Explanation of Responses:

* If the form is filed by more than one reporting person, see Instruction 5(b)(v).
** Intentional misstatements or omissions of facts constitute Federal Criminal Violations. See 18 U.S.C. 1001 and 15 U.S.C. 78ff(a).
(1) This Form 3 amendment is being filed to update the original Form 3 filed on April 1, 2016. Appaloosa LP, a Delaware limited partnership ("ALP"), filed a Form 3 on April 1, 2016 based on the outstanding number of shares of Class A common stock, par value $0.01 ("Class A Common Stock"), as of October 31, 2015, as reported in TerraForm Power, Inc.'s (the "Issuer") Form 10-Q filed with the Securities and Exchange Commission on November 9, 2015. As of May 5, 2016, the Issuer had not publicly updated its outstanding number of shares of Class A Common Stock, since that prior Form 10-Q filing. However, the Issuer's controlling shareholder, SunEdison, Inc., was aware of and was party to the December 29, 2015 transaction which resulted in, the increase in the number of the Issuer's outstanding shares of the Class A Common Stock, and SunEdison, Inc. disclosed the increased share number in its bankruptcy filing on April 21, 2016.
(2) As of the date of this Form 3 amendment, the Issuer still has not filed any periodic report disclosing the increased number of shares of its Class A Common Stock. On May 5, 2016, representatives of the Issuer informed ALP in a telephonic conversation that as of January 29, 2016, it had 92,194,966 shares of Class A Common Stock outstanding, and that as of April 21, 2016, it had 91,280,208 shares of Class A Common Stock outstanding. Accordingly, ALP was never a 10% holder of the Class A Common Stock of the Issuer, and ALP is filing this Form 3 amendment to update the Form 3 filed on April 1, 2016 to report a decrease in their percentage ownership (but not a change of beneficial ownership) of the Class A Common Stock resulting solely from a previously unreported increase in the number of outstanding shares of Class A Common Stock.

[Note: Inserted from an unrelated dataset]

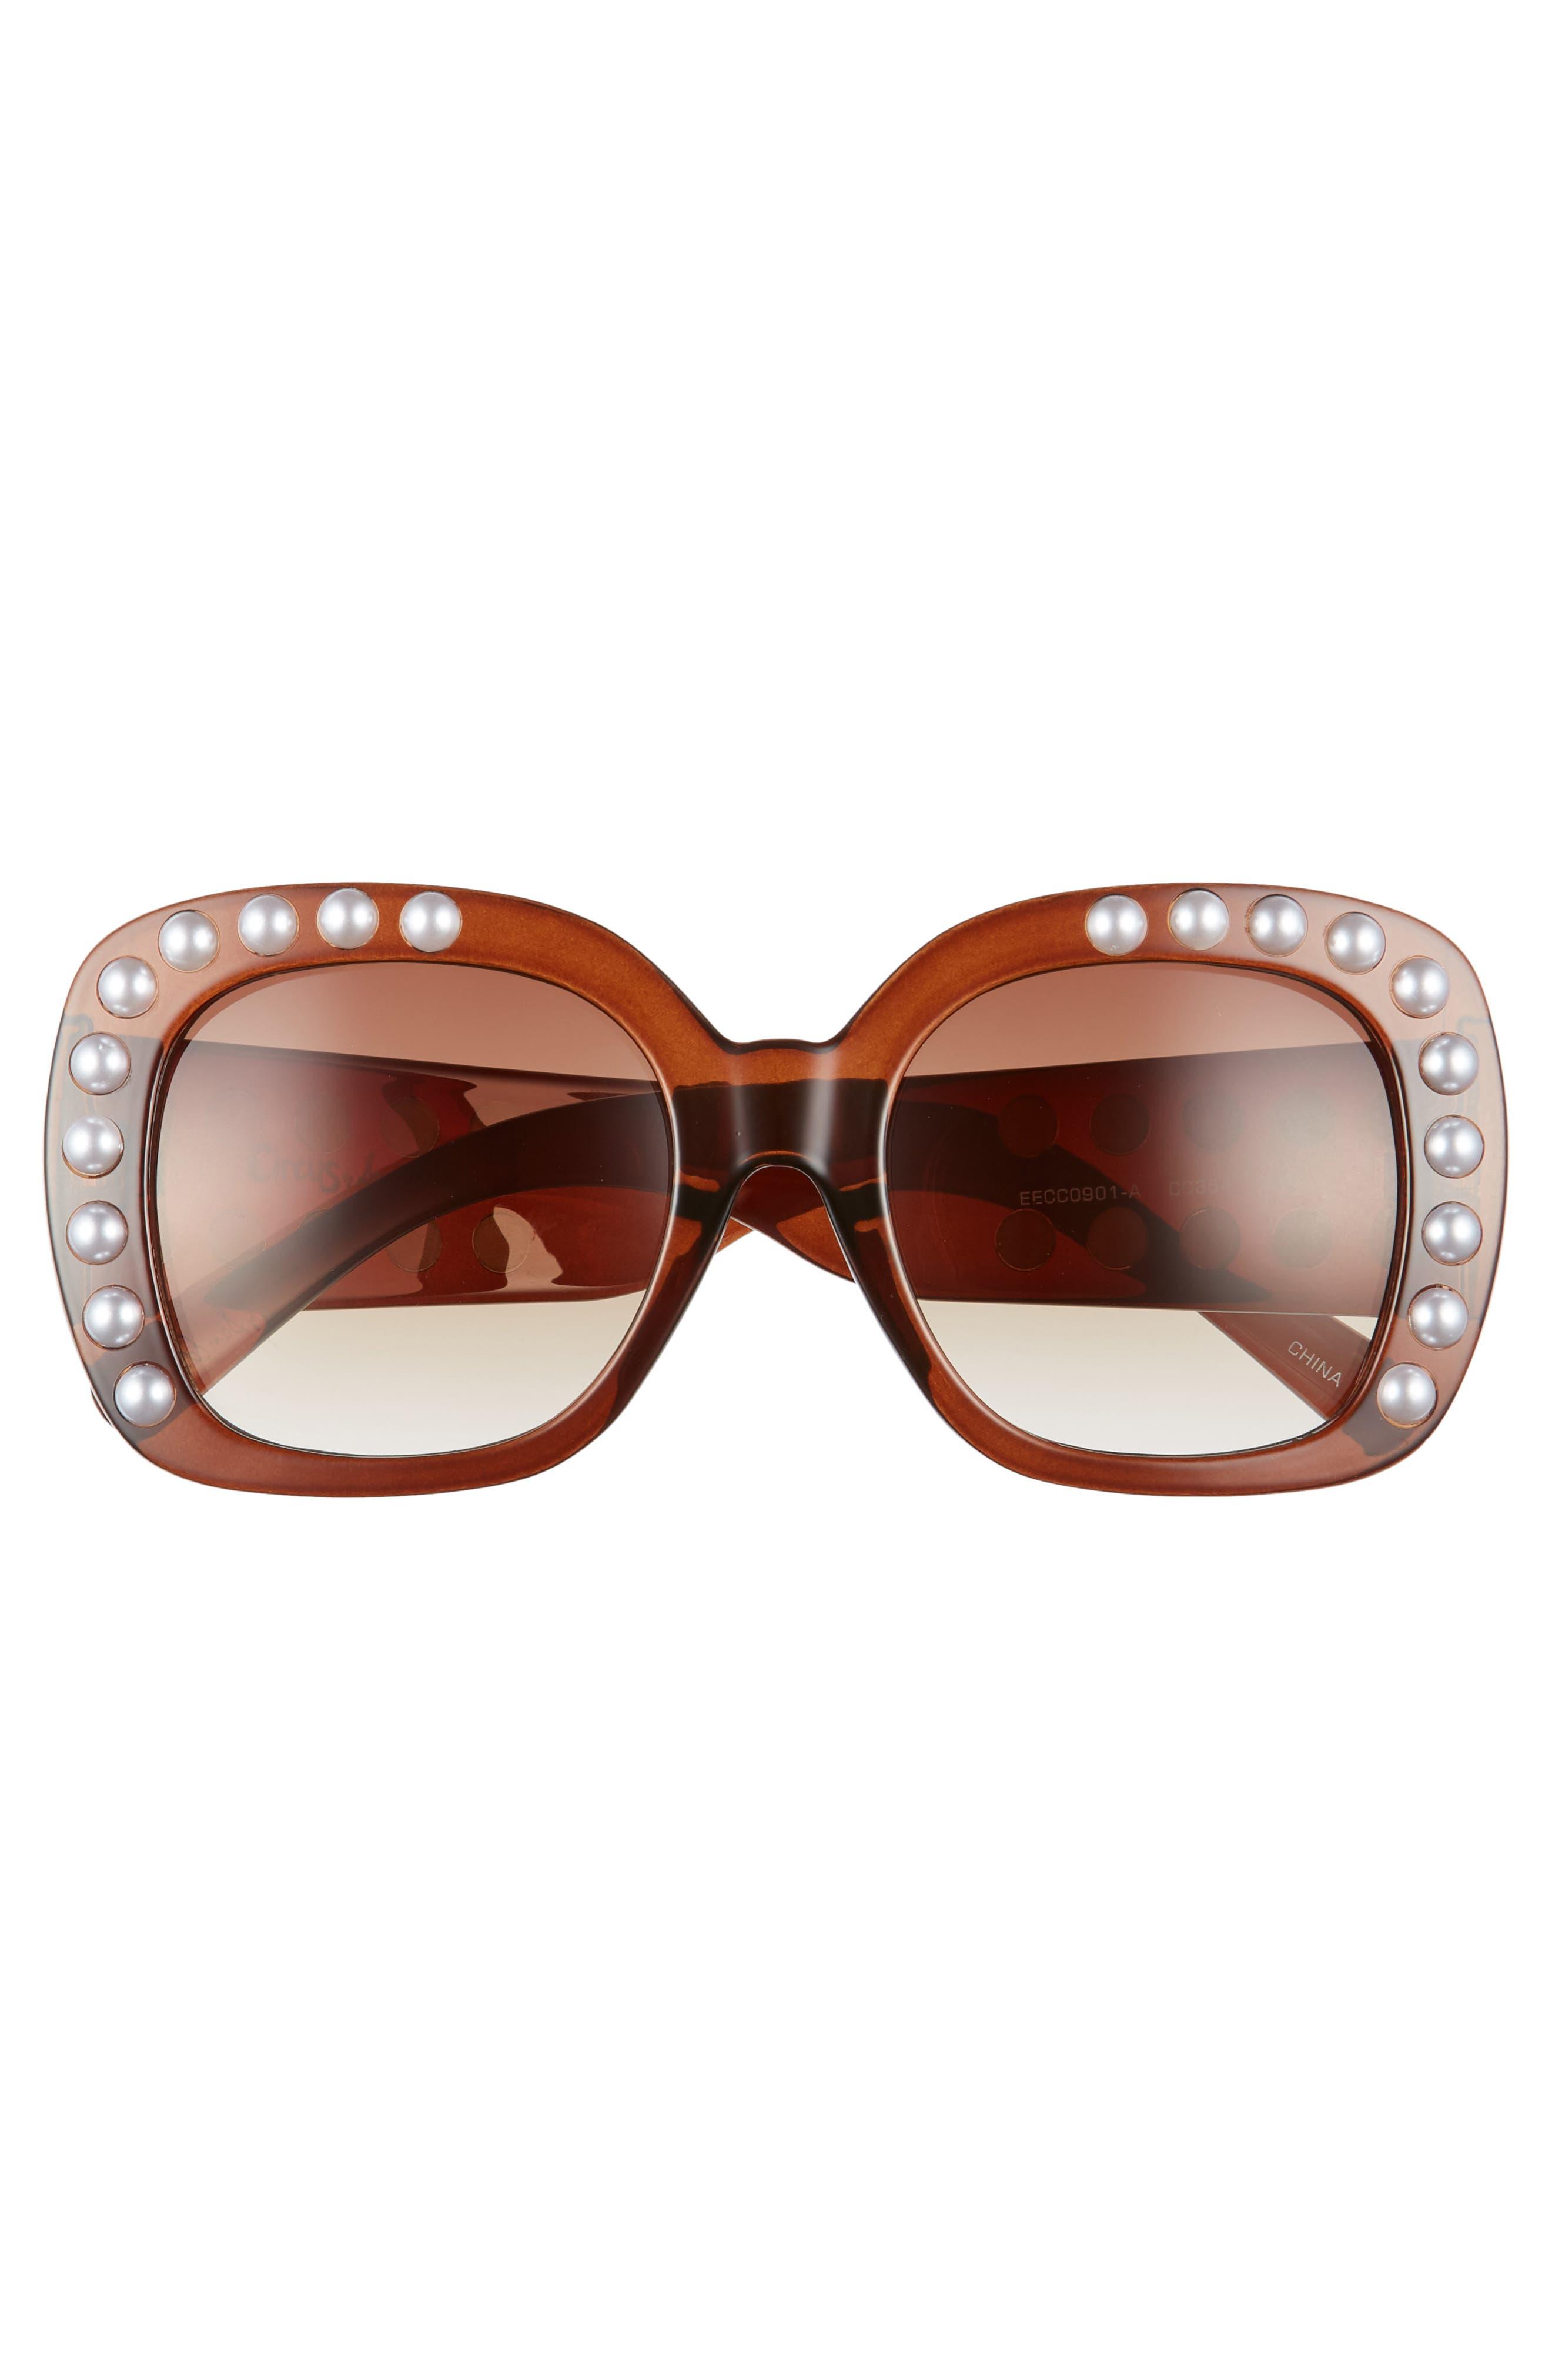 53mm Imitation Pearl Sunglasses,                             Alternate thumbnail 8, color,
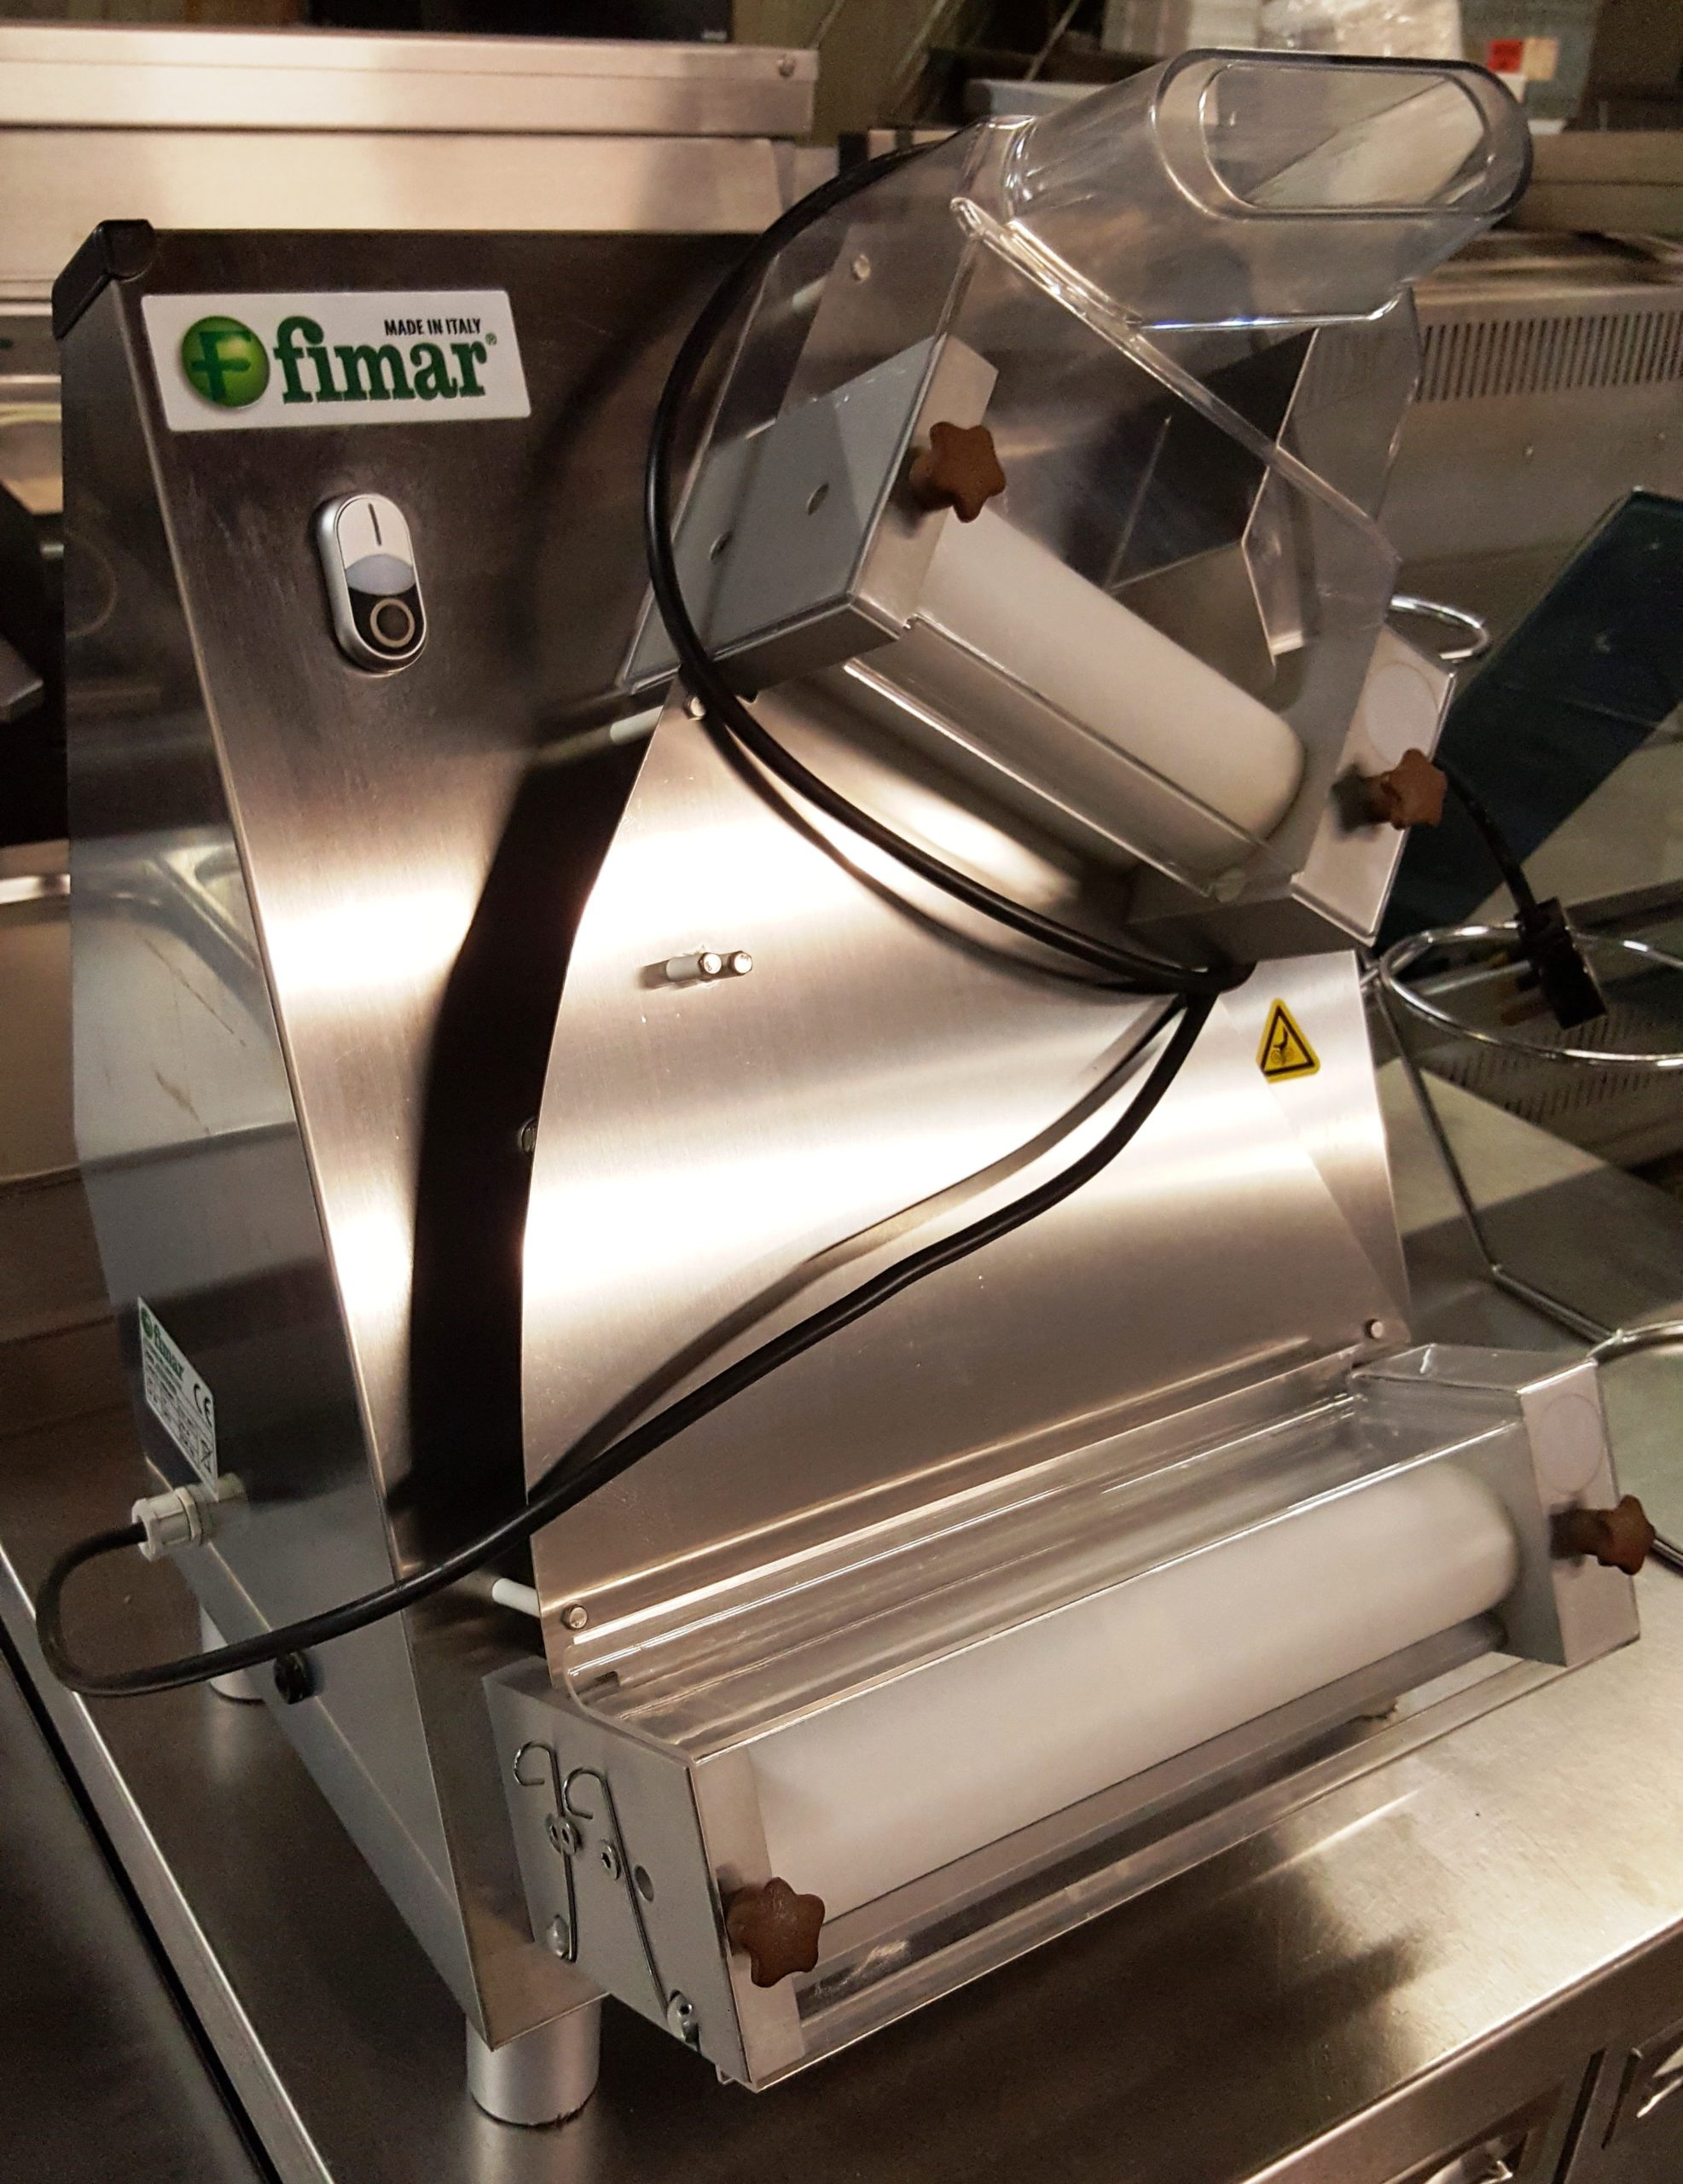 FIMAR 12 inch Pizza Dough Roller – Ex Demonstrator!

(3) This report on Form 3 relates to the Class A Common Stock of the Issuer, held for the account of Appaloosa Investment Limited Partnership I, a Delaware limited partnership ("AILP"), and Palomino Master Ltd., a British Virgin Islands company ("Palomino Master"). ALP serves as investment adviser to each of AILP and Palomino Master. Appaloosa Management L.P., a Delaware limited partnership ("AMLP"), is the general partner of AILP; Appaloosa Partners Inc., a Delaware corporation ("API"), is the general partner of AMLP; and Appaloosa Capital Inc., a Delaware corporation ("ACI"), is the general partner of ALP. Mr. Tepper is sole stockholder and president of API and the controlling stockholder and president of ACI.
(4) As a result of the foregoing relationships, each of ALP, AMLP, ACI, API and Mr. Tepper may be deemed to have voting and dispositive power over the Class A Common Stock held for the account of AILP; and each of ALP, ACI and Mr. Tepper may be deemed to have voting and dispositive power over the Class A Common Stock held for the account of Palomino Master. Each of AILP, Palomino Master, AMLP, API, ALP, ACI and Mr. Tepper disclaims beneficial ownership of the reported shares of Class A Common Stock, except to the extent of such person's pecuniary interest therein, if any, and the inclusion of such shares in this report shall not be deemed an admission of beneficial ownership of any or all of the reported shares for purposes of Section 16 of the Exchange Act of 1934, as amended, or for any other purpose.